Seven-month-old Brandon Schaible died from bacterial pneumonia, severe dehydration, and strep—while his parents watched and prayed and, in accordance with their religious beliefs, refused to provide the child with medicine. Herbert and Catherine Schaible of Philadelphia now await trial, facing third-degree murder charges for Brandon’s death.

The atrocity is magnified by the fact that Brandon was the second Schaible child to die in this same way—from bacterial pneumonia and religiously motivated lack of medical treatment.

At the time of Brandon’s death, the Schaibles were still on probation for involuntary manslaughter in the preventable death of their two-year-old son Kent in 2009. The terms of their ten-year probation required them to seek medical care for any of their other children who might become sick.

The Schaibles are members of First Century Gospel Church, which teaches parishioners to place absolute faith in “God” in all aspects of life. The church’s online statement of beliefs includes:

Our commitment to God means that we trust God alone for physical healing without the use of medicine, drugs, prescriptions, pills, or human remedies. Jesus said to the woman (Matthew 9:22) "your faith has healed you;" and the apostle reminded those listening (Acts 3:16) "It is Jesus’ name and the faith that comes through him [faith being the condition] that has given this complete healing." [emphasis in original]

Herbert Schaible responded to Brandon’s death by telling Philadelphia homicide detectives:

We believe in divine healing, that Jesus shed blood for our healing and that he died on the cross to break the devil’s power. Medicine is against our religious beliefs.

Catherine Schaible told police that when Brandon’s breathing became labored two days before his death, they called an assistant pastor to anoint and pray over their son. When Brandon stopped breathing, the Schaibles continued to pray for a miraculous revival before contacting the funeral home.

In an interview with the Philadelphia Inquirer, the head pastor of their church blamed the untimely deaths of Brandon and Kent on a “spiritual lack” in the Schaibles’ lives:

They [Herbert and Catherine Schaible] realize they must get back to God, to seek wisdom from him, to find where the spiritual lack is in their heart and life . . . so this won’t happen again.
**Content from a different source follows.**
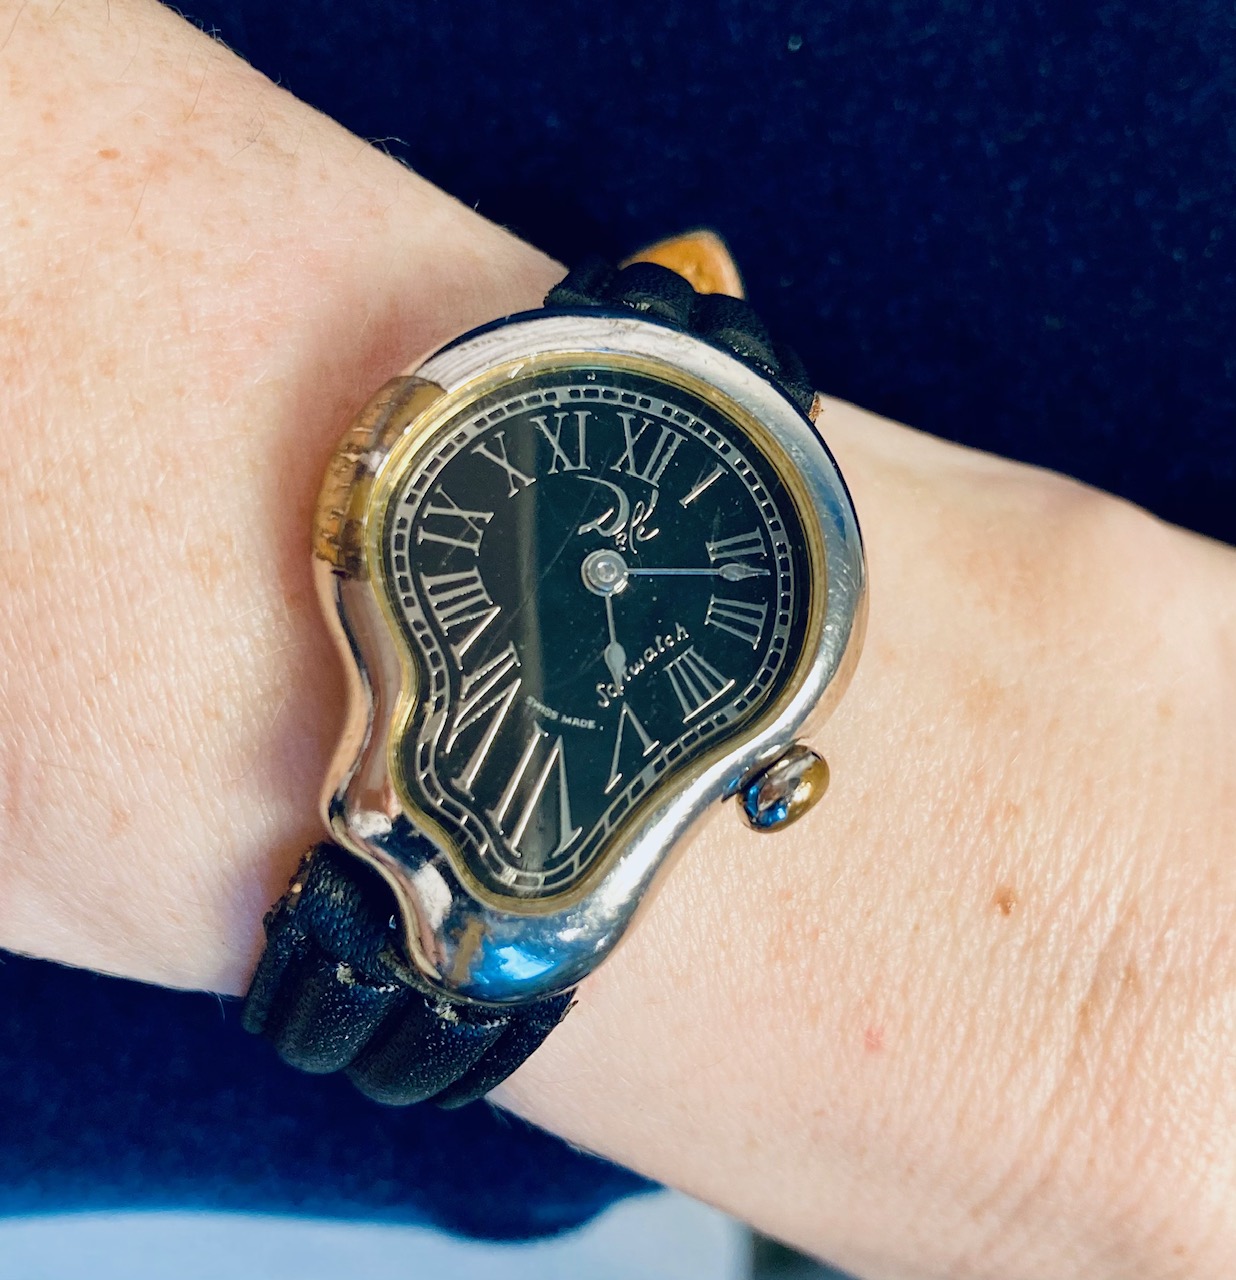 Owner Review: Dali Soft Watch – The Persistence of Memory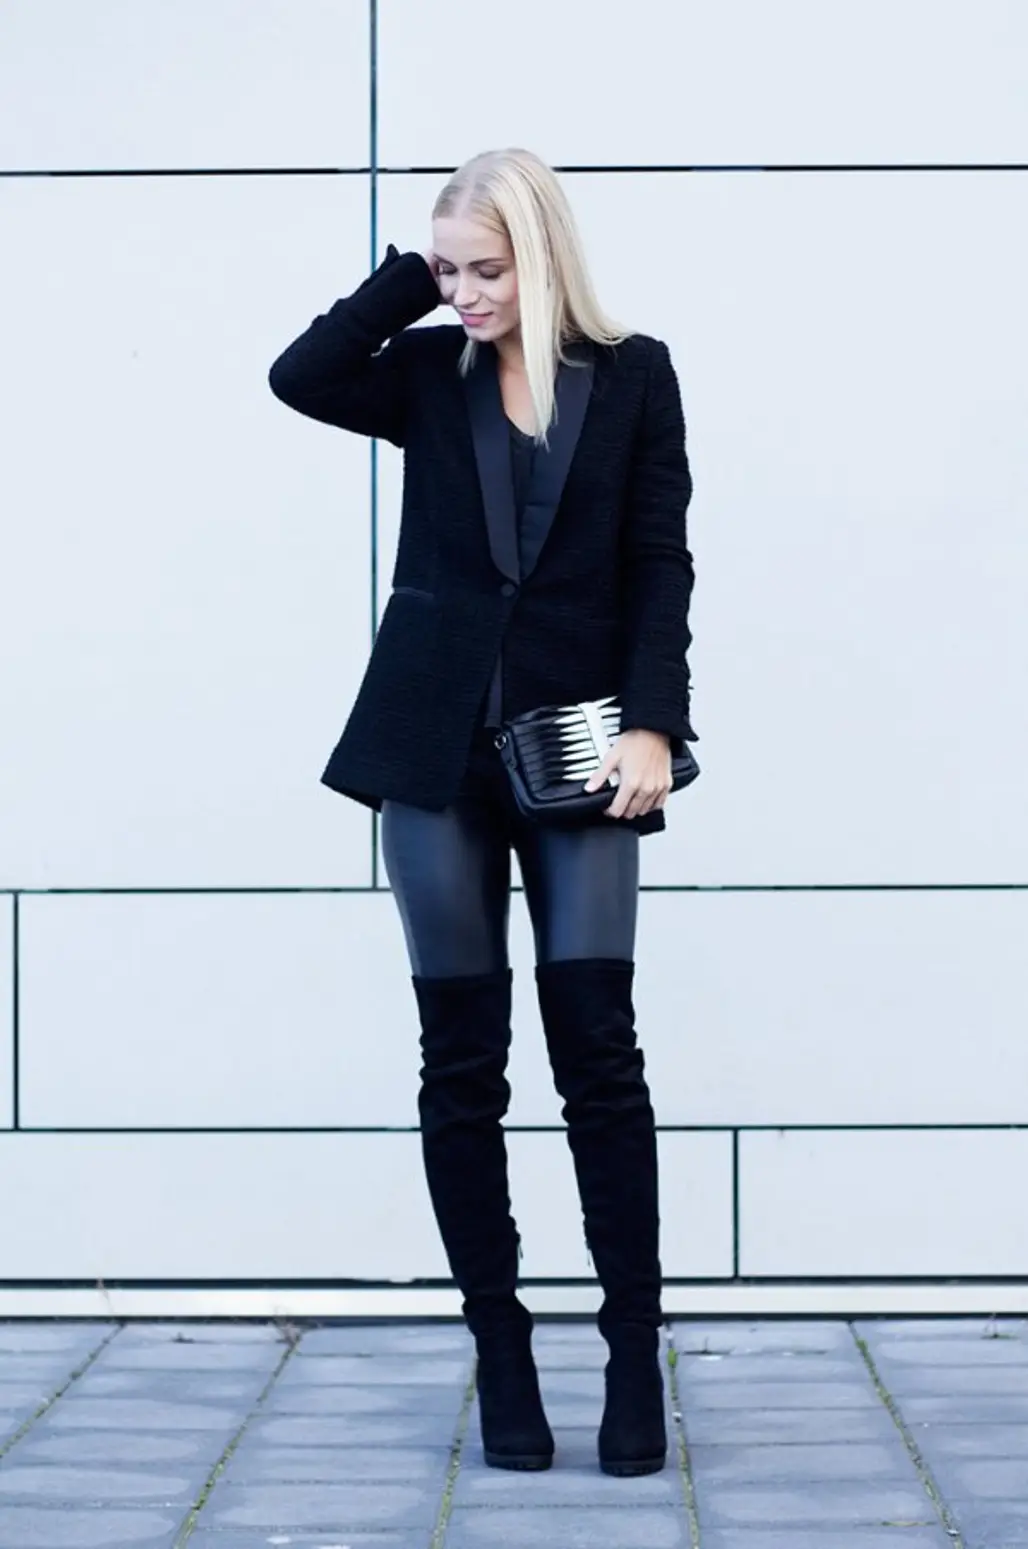 Tall Boots and a Clutch

The pastor got one thing right. The Schaible’s children suffered and died because of a spiritual lack on the part of their parents. But the lethal deficiency was not a lack of faith; it was a lack of reason—man’s only means of knowledge and only proper guide to action.

Nor was the lack innocent. It was chosen. The Schaibles chose to ignore their knowledge that medicine could heal their child. They chose to pretend that prayer could heal him. And they chose to do so twice.

If the Schaibles are found guilty of withholding medicine from and and thus effectively causing the death of a second child, theys deserve to be punished to the full extent of the law.

In any event, everyone who embraces faith or prayer as efficacious should take note of yet another instance of the disastrous consequences of such irrationality.